Dataset content –
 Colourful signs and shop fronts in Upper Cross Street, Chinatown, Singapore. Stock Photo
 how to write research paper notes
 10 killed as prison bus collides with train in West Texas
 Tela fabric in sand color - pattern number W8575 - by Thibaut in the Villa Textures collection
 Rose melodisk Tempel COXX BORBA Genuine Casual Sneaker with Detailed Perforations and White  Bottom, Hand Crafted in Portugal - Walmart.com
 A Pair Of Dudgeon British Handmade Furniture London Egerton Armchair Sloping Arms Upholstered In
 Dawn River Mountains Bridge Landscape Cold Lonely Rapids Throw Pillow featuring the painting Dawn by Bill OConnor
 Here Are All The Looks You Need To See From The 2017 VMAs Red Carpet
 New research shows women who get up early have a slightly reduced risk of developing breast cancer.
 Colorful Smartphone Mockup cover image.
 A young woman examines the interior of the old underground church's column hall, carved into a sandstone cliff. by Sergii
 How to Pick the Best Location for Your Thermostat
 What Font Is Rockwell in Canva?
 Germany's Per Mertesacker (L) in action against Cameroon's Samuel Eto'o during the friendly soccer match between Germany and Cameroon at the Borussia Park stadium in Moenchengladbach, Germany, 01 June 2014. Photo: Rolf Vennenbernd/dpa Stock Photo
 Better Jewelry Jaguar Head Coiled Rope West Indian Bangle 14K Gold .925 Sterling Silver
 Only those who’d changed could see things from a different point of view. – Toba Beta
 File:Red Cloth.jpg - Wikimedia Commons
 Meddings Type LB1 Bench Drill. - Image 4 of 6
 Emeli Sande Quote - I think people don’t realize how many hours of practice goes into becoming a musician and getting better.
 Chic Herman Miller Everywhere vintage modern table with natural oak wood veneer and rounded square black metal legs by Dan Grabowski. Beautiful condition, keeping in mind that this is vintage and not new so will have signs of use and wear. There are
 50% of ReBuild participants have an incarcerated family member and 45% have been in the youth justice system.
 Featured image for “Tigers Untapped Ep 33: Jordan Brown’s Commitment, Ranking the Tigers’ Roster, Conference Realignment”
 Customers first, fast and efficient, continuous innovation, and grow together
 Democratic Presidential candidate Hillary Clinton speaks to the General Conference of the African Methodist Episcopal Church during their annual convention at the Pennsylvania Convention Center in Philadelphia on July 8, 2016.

How to complete this task – Scan the lines above for "50% of ReBuild" and for "Customers first, fast". Repeat exactly the line holding each of them and every line in between.

Exercise answer –
 50% of ReBuild participants have an incarcerated family member and 45% have been in the youth justice system.
 Featured image for “Tigers Untapped Ep 33: Jordan Brown’s Commitment, Ranking the Tigers’ Roster, Conference Realignment”
 Customers first, fast and efficient, continuous innovation, and grow together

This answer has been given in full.